Keep in mind that in this case you don't want mere truncation -- what
if your teeny, tiny value winds up being teeny, tiny on the negative
side of zero?

You need a test to check for whether a value is "close enough" to a
given value to be considered a valid approximation of it for your case,
and have a way to declare how close "close enough" means. That's not
truncation.

You want to compare to 5.0, for example.
If 5.0000000000001 is close enough then 4.9999999999999 is also.

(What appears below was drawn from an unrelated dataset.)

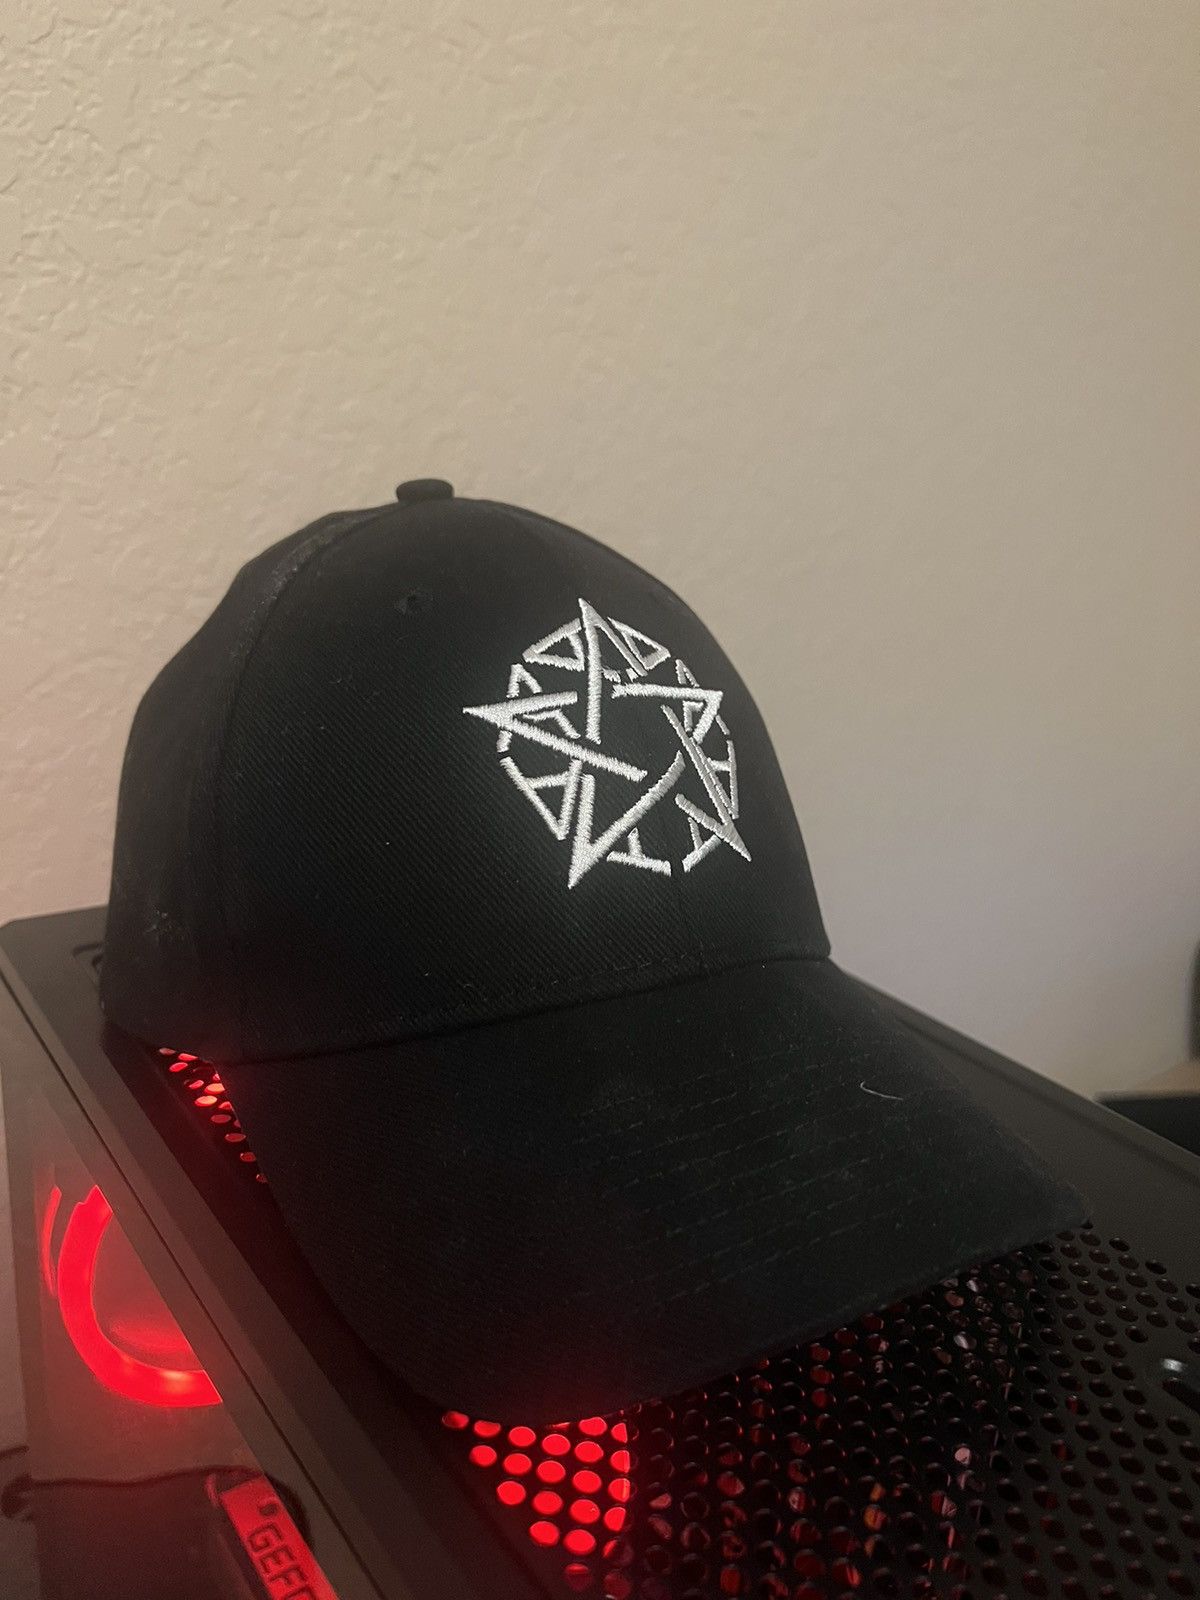 1017 ALYX 9SM Alyx Destroy Lonely hat | Grailed

Unfortunately floats are just hard to deal with (in every language),
but at least floats have strictly defined rules that limit how hard
they are.

The first thing to consider is whether you should really be doing
fixed-point math, or if floats are good enough for your use. Assuming
floats really are a good fit, something like this could help:

approximate(Precision) ->
fun(Z, Z) -> true;
(Z, Q) -> (Z - Precision =< Q) and (Q =< Z + Precision)
end.

1> Approx = numbers:approximate(0.00001).
#Fun<numbers.0.78713399>
2> Approx(1, 2).
false
3> Approx(5, 5).
true
4> Approx(-5.2, -5.2).
true
5> Approx(10, 10.0000000001).
true
6> Approx(10, 10.1).
false
7> Approx(0.0, 4.440892098500626e-16).
true
8> Approx(0.0, -4.440892098500626e-16).
true

This is probably an inefficient implementation -- I've not taken the
time to really examine it carefully, but it should be a pretty clear
what the intent is. You provide a value that represents how close a
value must be to be considered approximately equal and you get back
a function that will check if the input values are that close.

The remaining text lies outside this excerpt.